Luther on the "Inner Necessity" of Works of Love in the Christian Life

This point is, for my money, the heart of Kim’s work on Luther in this volume. There are two mistakes that one can fall into when thinking about works, according to Protestant theology. First, you can think that your works somehow contribute to your positive relationship with God (i.e., you can somehow earn or achieve your own salvation). Second, you can think that since you cannot contribute to your positive relationship with God, it doesn’t much matter what you do. The logic of Luther’s position—as Kim shows at length—avoids both of these extremes, instead binding justification and sanctification / faith and love together in an ordered relationship of inner necessity. In the below excerpt this is explained by way of Luther’s metaphor concerning the relationship of a tree to its roots.

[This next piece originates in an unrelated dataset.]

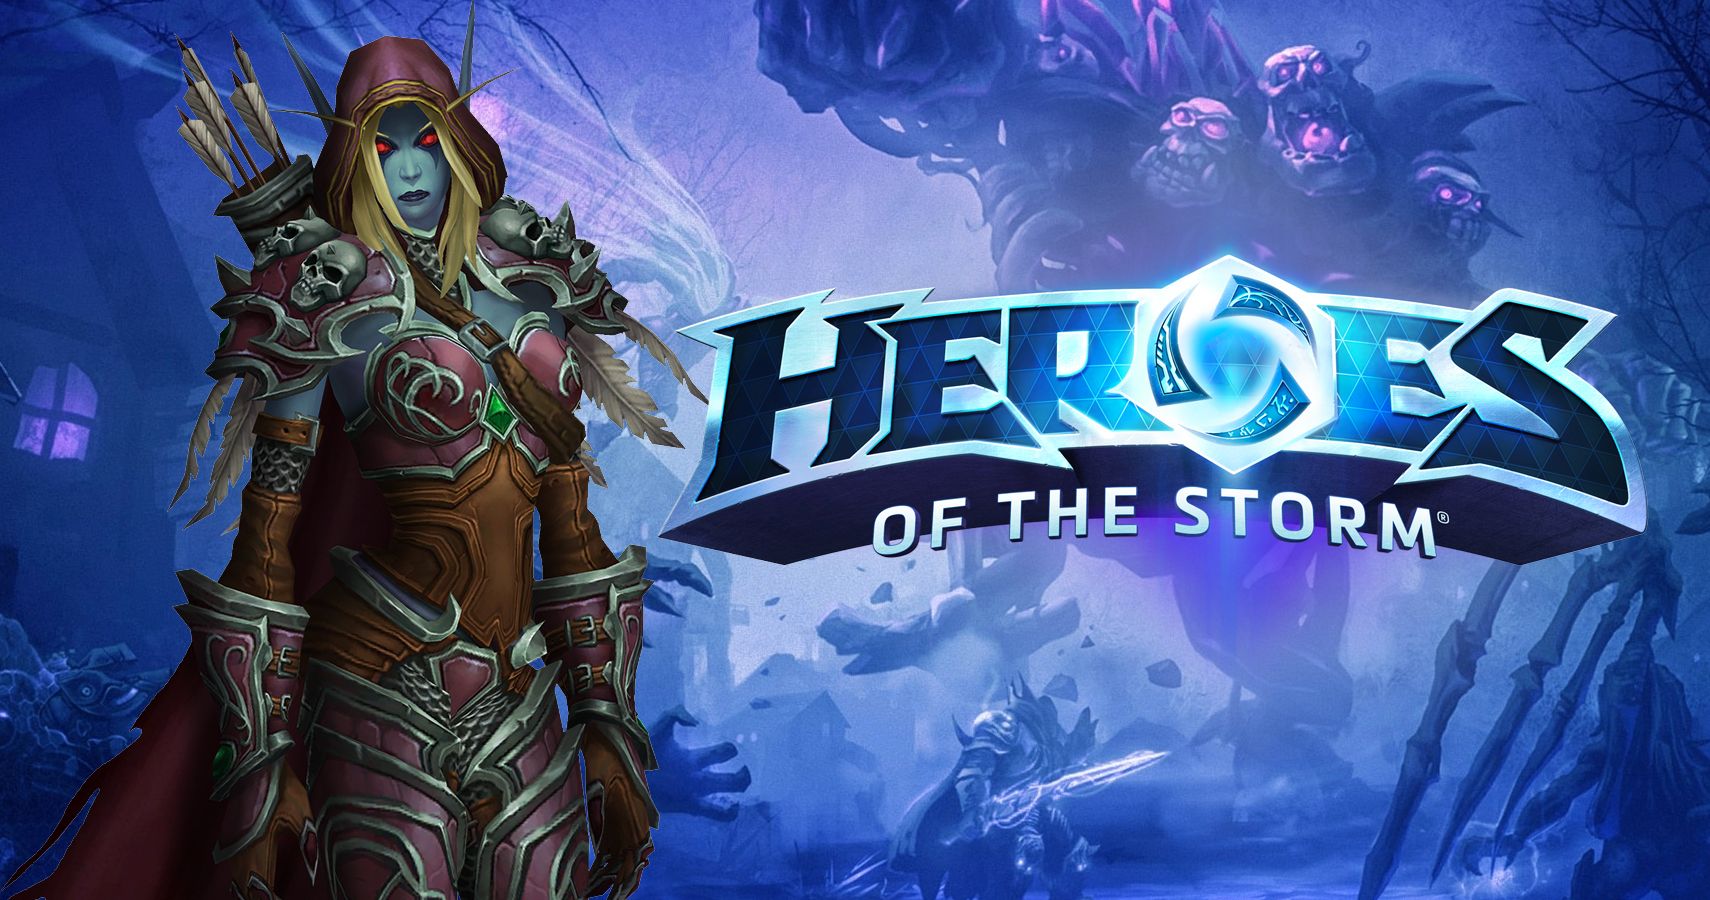 download sylvanas heroes of the storm

Sun-young Kim, Luther on Faith and Love: Christ and the Law in the 1535 Galatians Commentary, Emerging Scholars (Minneapolis: Fortress Press, 2014).199–200.
The logical significance of this metaphor of tree and fruits is the inner necessity of every tree to bear fruits—namely, the external evidence of its being internally alive. In the same way, those who grasp Christ by faith in their hearts are like “trees planted by streams of water, which yield their fruit in its season” (Psalm 1:3). Concentrating on the inner necessity of a tree bearing fruits, Luther articulates: a person who has Christ by faith in his heart requires no external command to work, since he has an internal driving force originating from Christ in his heart. . . . The Spirit of Christ “does not permit a man to be idle but drives him to all the exercises of devotion, to the love of God, to patience in affliction, to prayer, to thanksgiving, and to the practice of love toward all men.” Although fruits do not make a tree but are produced by a tree, they are sure evidence of its being either alive or lifeless. Fruits are external signs of the identity and internal health of a tree. Righteous works likewise distinguish an authentic Christian from a fake and bear witness to the spirit health of a person.